What the task requires »
Where the line with "305468d8afa1d Women's 2.ZEROGRAND" appears in the records below, start there and transcribe each line exactly through the last.

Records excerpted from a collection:
----------------

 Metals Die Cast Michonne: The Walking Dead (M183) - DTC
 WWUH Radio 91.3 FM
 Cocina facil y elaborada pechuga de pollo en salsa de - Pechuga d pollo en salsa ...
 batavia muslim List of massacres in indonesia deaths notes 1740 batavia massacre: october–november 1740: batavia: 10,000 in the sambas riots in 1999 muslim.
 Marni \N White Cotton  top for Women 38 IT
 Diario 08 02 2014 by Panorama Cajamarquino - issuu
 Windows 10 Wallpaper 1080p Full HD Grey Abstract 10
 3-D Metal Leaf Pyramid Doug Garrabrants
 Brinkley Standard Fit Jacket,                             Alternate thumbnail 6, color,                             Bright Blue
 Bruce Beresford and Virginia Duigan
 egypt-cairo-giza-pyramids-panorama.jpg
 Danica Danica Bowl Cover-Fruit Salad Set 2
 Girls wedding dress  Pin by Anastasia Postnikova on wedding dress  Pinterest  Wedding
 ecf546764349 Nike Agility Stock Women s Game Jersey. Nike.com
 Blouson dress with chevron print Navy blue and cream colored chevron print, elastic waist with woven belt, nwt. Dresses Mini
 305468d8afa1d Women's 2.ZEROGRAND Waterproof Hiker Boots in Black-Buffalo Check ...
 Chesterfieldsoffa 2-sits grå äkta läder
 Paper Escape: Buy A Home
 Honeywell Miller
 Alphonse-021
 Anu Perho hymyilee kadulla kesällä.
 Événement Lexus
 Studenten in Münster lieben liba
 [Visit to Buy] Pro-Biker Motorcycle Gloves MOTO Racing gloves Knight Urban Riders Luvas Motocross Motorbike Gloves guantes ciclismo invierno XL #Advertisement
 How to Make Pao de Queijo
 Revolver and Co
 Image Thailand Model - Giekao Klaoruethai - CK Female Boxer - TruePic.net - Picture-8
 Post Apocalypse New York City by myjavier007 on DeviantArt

----------------

Task output »
 305468d8afa1d Women's 2.ZEROGRAND Waterproof Hiker Boots in Black-Buffalo Check ...
 Chesterfieldsoffa 2-sits grå äkta läder
 Paper Escape: Buy A Home
 Honeywell Miller
 Alphonse-021
 Anu Perho hymyilee kadulla kesällä.
 Événement Lexus
 Studenten in Münster lieben liba
 [Visit to Buy] Pro-Biker Motorcycle Gloves MOTO Racing gloves Knight Urban Riders Luvas Motocross Motorbike Gloves guantes ciclismo invierno XL #Advertisement
 How to Make Pao de Queijo
 Revolver and Co
 Image Thailand Model - Giekao Klaoruethai - CK Female Boxer - TruePic.net - Picture-8
 Post Apocalypse New York City by myjavier007 on DeviantArt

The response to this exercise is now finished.